-
Notifications
You must be signed in to change notification settings - Fork 0
Text recognition
The first complete OCR was done in July 2017 using Tesseract 4.0.0-alpha.20170703 (see results). That version supports text recognition by a neural network (LSTM), but does not use it for Fraktur, so our text recognition was based on a Tesseract 3 training model.
New LSTM models which also support Fraktur were provided in August 2017 and are very promising (see results), so the next text recognition will use LSTM.
This next recognition was started in December 2018 with Tesseract 4.0.0, see the preliminary results.
-
High contrast 142-9550/0471 (ocr, best ocr), left side very light, right side light / dark.
-
Translucent 005-7924/0223 (ocr, best ocr). Such scans need very much time with Tesseract, and Tesseract reports many diacritics. Those scans result in very bad OCR results, typically with long sequences of 11111.
-
Skewed scans with different angles for left and right side 056-9937/0014, 072-7991/0011 (ocr, best ocr). Those scans result in very bad OCR results, typically with long sequences of 11111.
-
Unsharp scans 037-9918/0108 (ocr).
-
Light scans with low contrast 118-9526/0485 (ocr).
Tesseract uses a dictionary. This leads to funny unwanted results, because it "detects" words like computer, Google or Internet which did definitely not exist before 1945.
The dictionary also contains lots of confusions (B / ß, ii / ü). In addition, several characters were not trained and cannot be recognized therefore, notably the paragraph and tilde characters.
- Wrong page separation (OCR does not respect page boundaries) 004-8445/0036 (ocr), see wrong text Rudolf Lantzsch in München.
-
Extremely high resource needs for Tesseract OCR 030-8471/0651 (ocr, best ocr), double page with large tables takes about 2600 s.
-
Wrong table decomposition (OCR does not respect table columns) 167-9449/0015 (ocr, best ocr), see wrong text Gebiet des Generalgouvernements Türkei.
- Column separation failed 022-9903/0526.

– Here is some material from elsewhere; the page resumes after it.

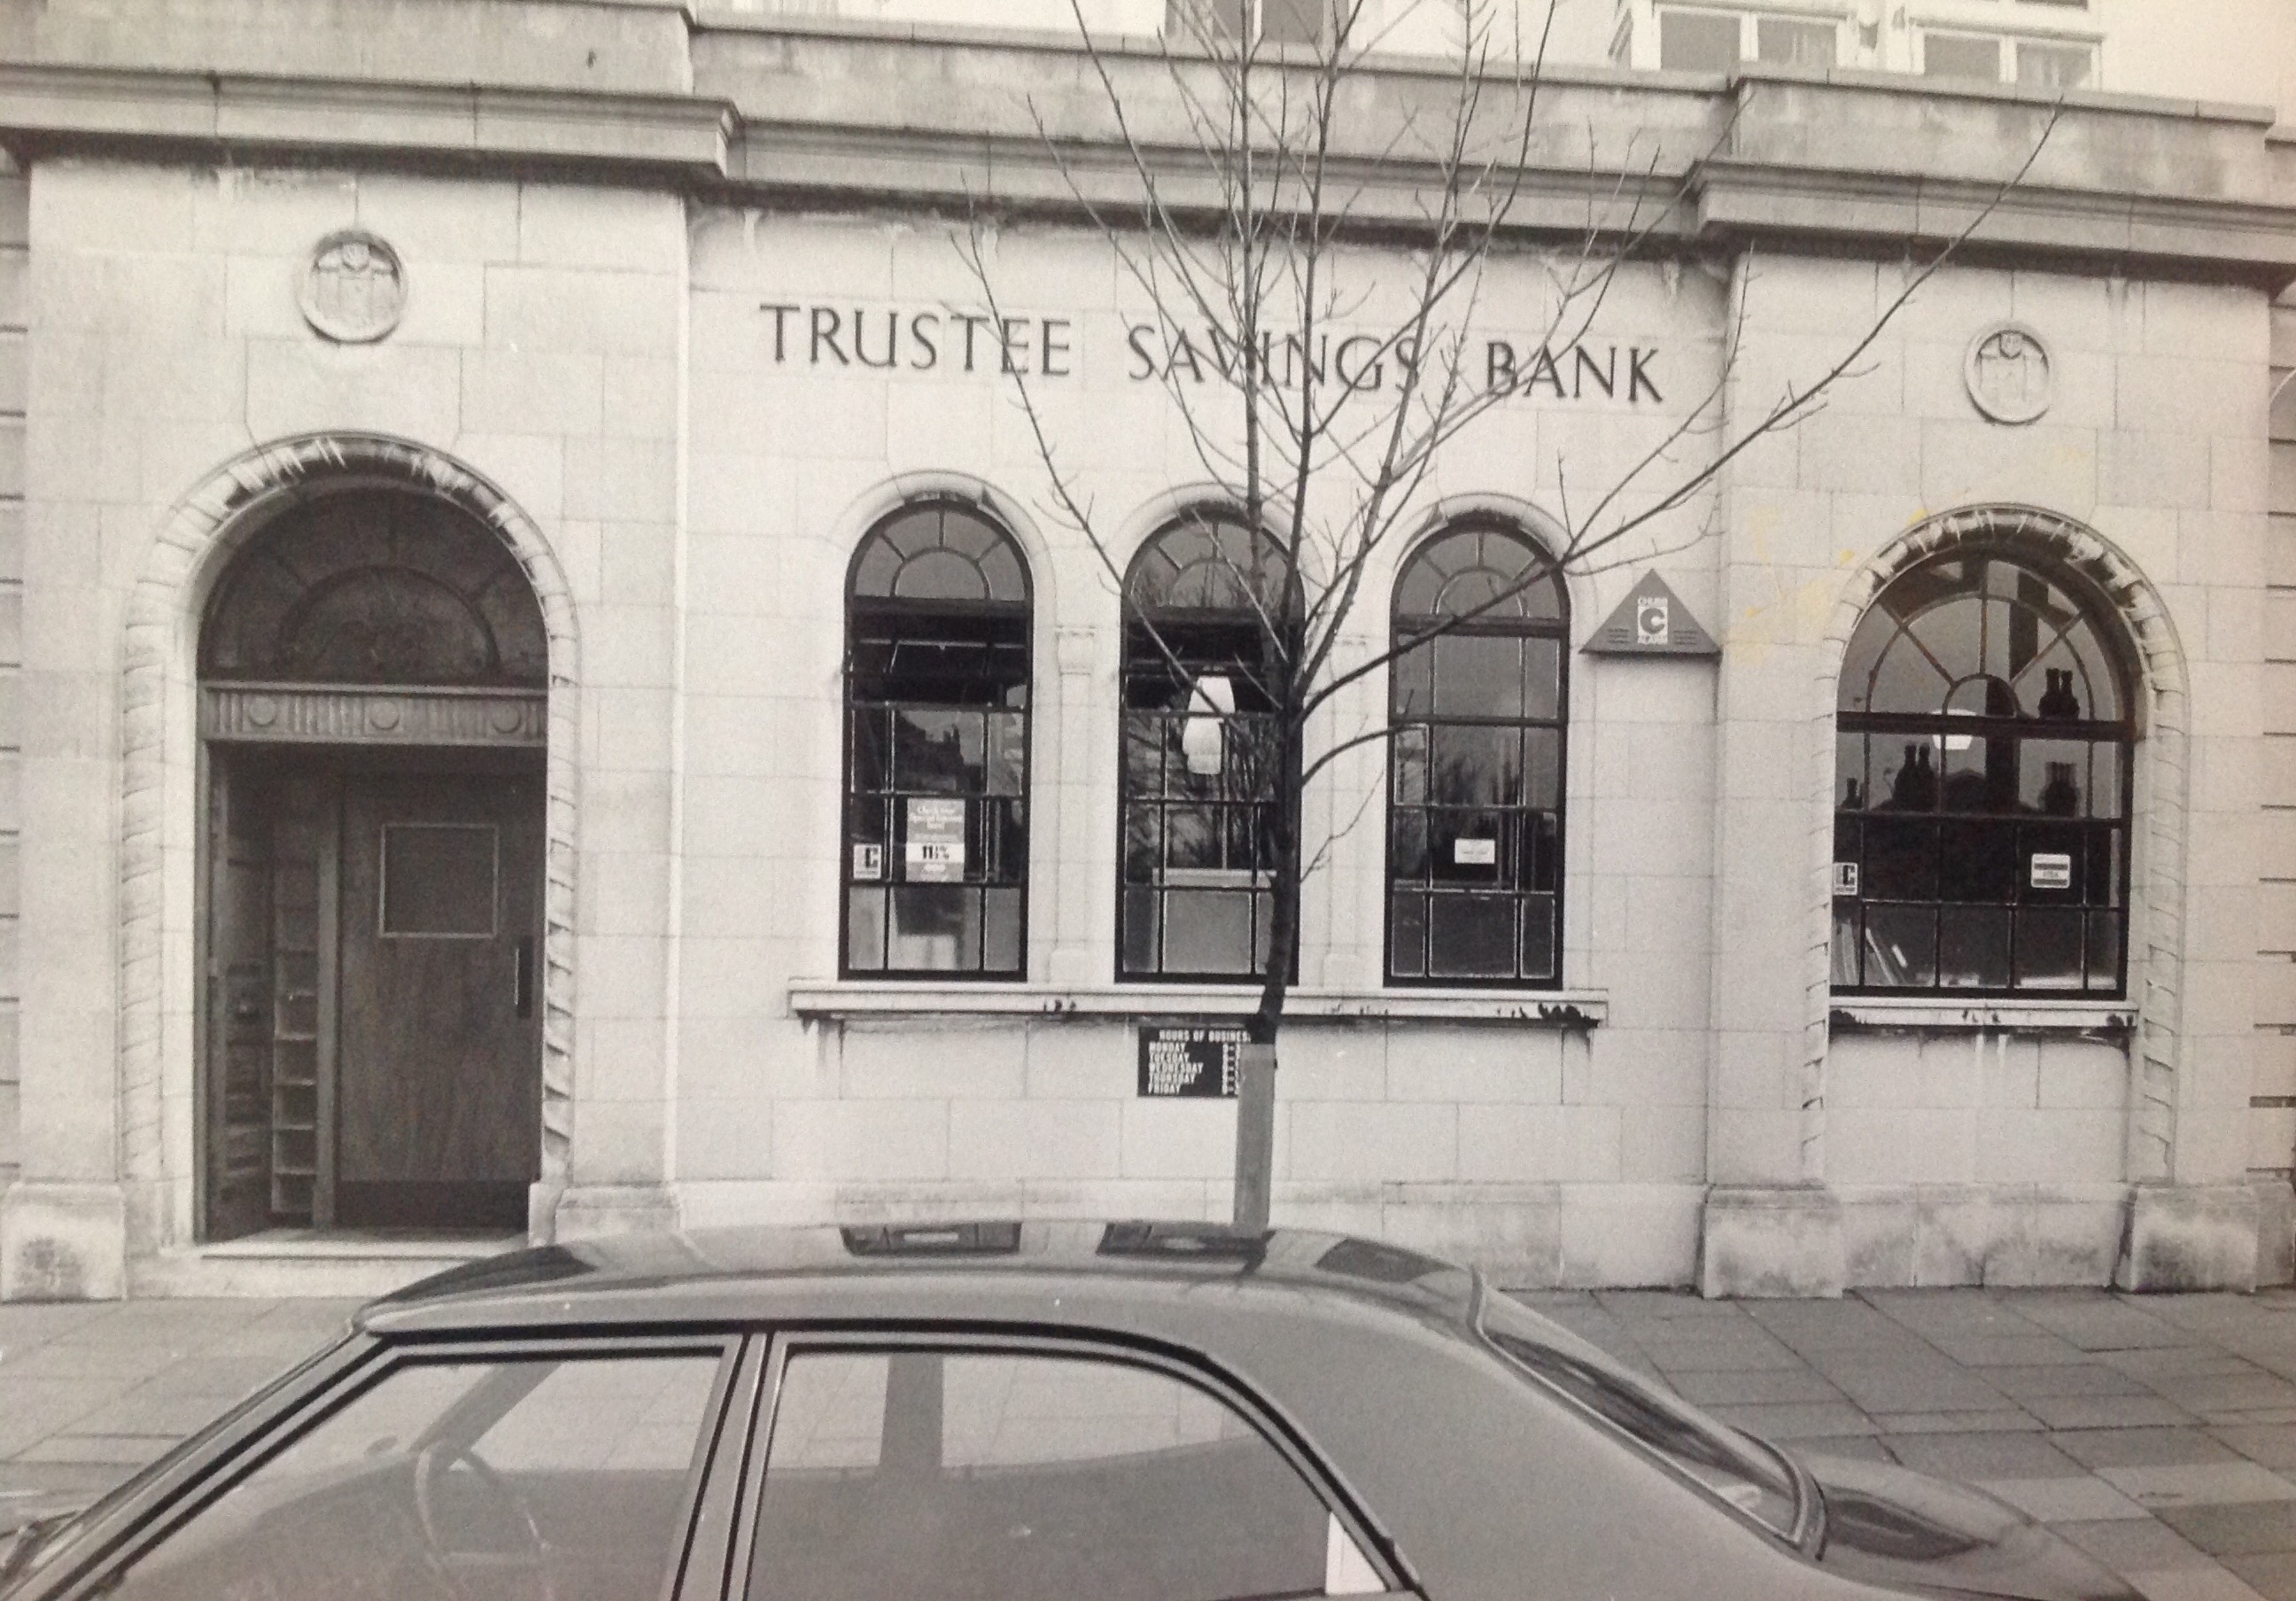 Trustee Savings Bank in Birkdale Village in the 1980s.

image | CER (1) | WER (1) | CER (2) | WER (2) | CER (3) |
---|---|---|---|---|---|
1819-03-30 p. 1 | 9.7 % | 25.0 % | 4.4 % | 14.3 % | |
1881-02-01 p. 3 | unusable | unusable | 3.8 % | 16.2 % | 2.2 % |
1881-02-01 p. 4 | unusable | unusable | 4.6 % | 16.7 % | |
1919-05-08 p. 2 | 28.4 % | 44.7 % | 95.2 % | 71.4 % | |
1919-05-08 p. 3 | unusable | unusable | 10.4 % | 30.8 % | |
1919-05-08 p. 4 | unusable | unusable | 10.2 % | 31.5 % | |
1921-09-22 p. 1 | unusable | 77.8 % | 18.0 % | 32.0 % | |
1944-01-03 p. 1 | 29.4 % | 34.8 % | 14.0 % | 21.0 % | 12.0 % |
(1) Tesseract 4.0.0-alpha.20170703, script/Fraktur
(2) Tesseract 4.0.0-beta.4, script/Fraktur
(3) Tesseract 4.0.0, Fraktur_5000000 + voting
CER = Character error rate
WER = Word error rate
accuracy = 100 % - (error rate)
The accuracy was measures using the ocr-evaluation-tools. Please note that the ground truth was created manually and is know to contain errors, too. So in some cases Tesseract is right and the ground truth is wrong. That implies that the real error rates of Tesseract are a little bit lower. See original data for more details.